First, give the Office of the Commissioner the authority to sign binding agreements with Air Canada. The Privacy Commissioner already has this authority. This enforcement method is not sufficient in itself, but it would support other measures.
Then, it would be possible to give the Federal Court the power to order Air Canada to pay legal damages.
Alternatively, the Air Canada Public Participation Act could be amended to set out fines for specific infractions. The Access to Information Act and the Lobbying Act already contain such provisions.
Finally, Air Canada could be subject to administrative monetary penalties for linguistic infractions. It is already subject to this type of penalty from the Canadian Transportation Agency, the Canada Border Services Agency and the Competition Tribunal.
I feel that a more rigorous enforcement scheme for the Official Languages Act that is better adapted to Air Canada’s reality would be a more effective indicator of success.

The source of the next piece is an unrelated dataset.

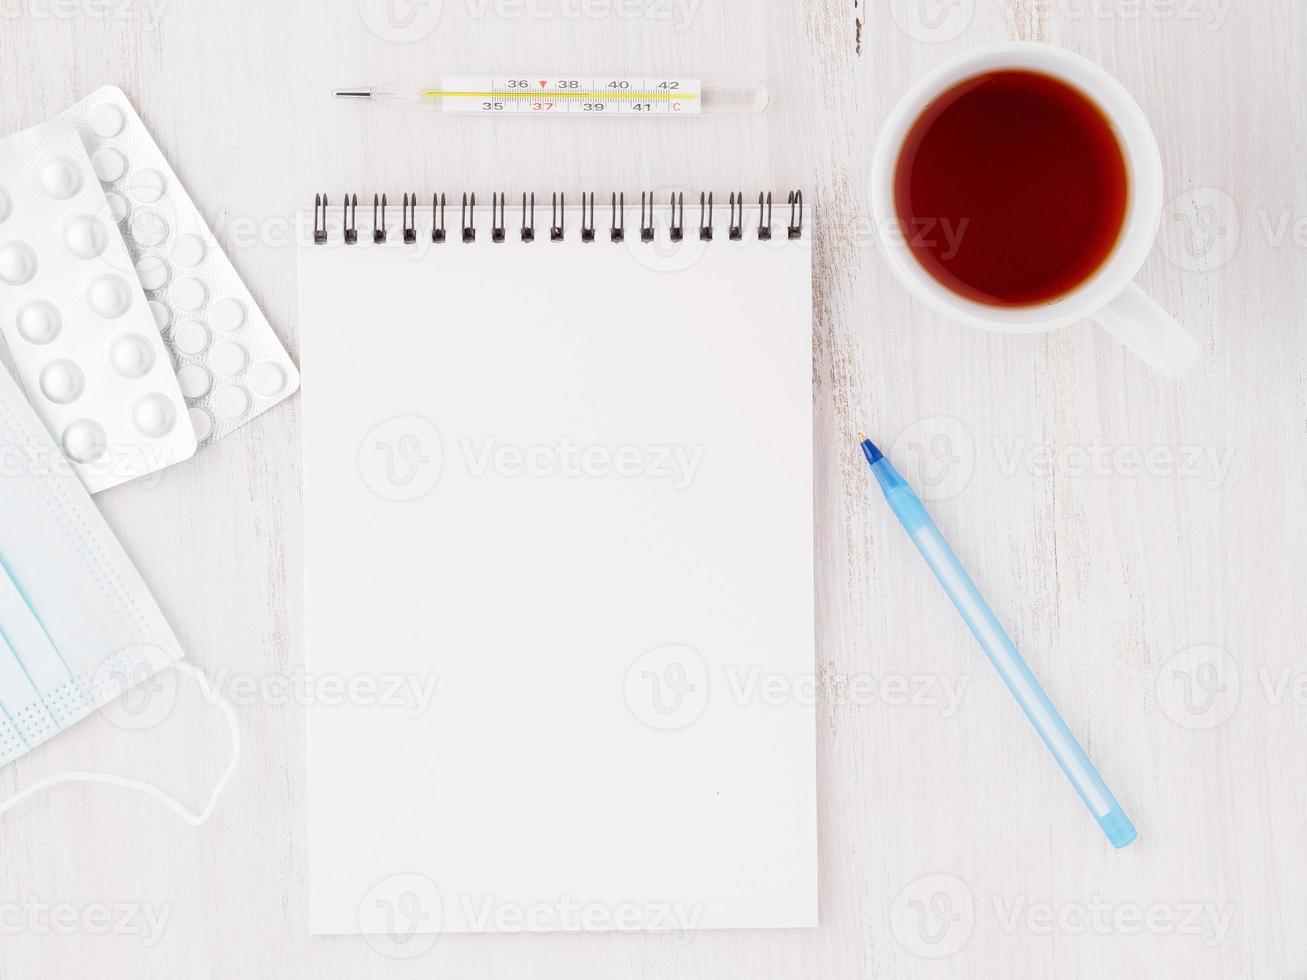 aprire il taccuino con una pagina bianca bianca vuota per scrivere il piano di trattamento del illnedd. pillole, penna, carta, termometro su fondo di legno bianco, vista dall'alto. foto

I would be happy to answer any questions you may have.
- Footnote 1
Office of the Commissioner of Official Languages, Report to Parliament of the Commissioner of Official Languages on the investigation into the Courts Administration Service under subsection 65(3) of the Official Languages Act, Ottawa, November 2016. On-line version consulted March 16, 2017.
- Footnote 2
Office of the Commissioner of Official Languages, Special Report to Parliament – Air Canada: On the road to increased compliance through an effective enforcement regime, Ottawa, June 7, 2016. On-line version consulted March 16, 2017.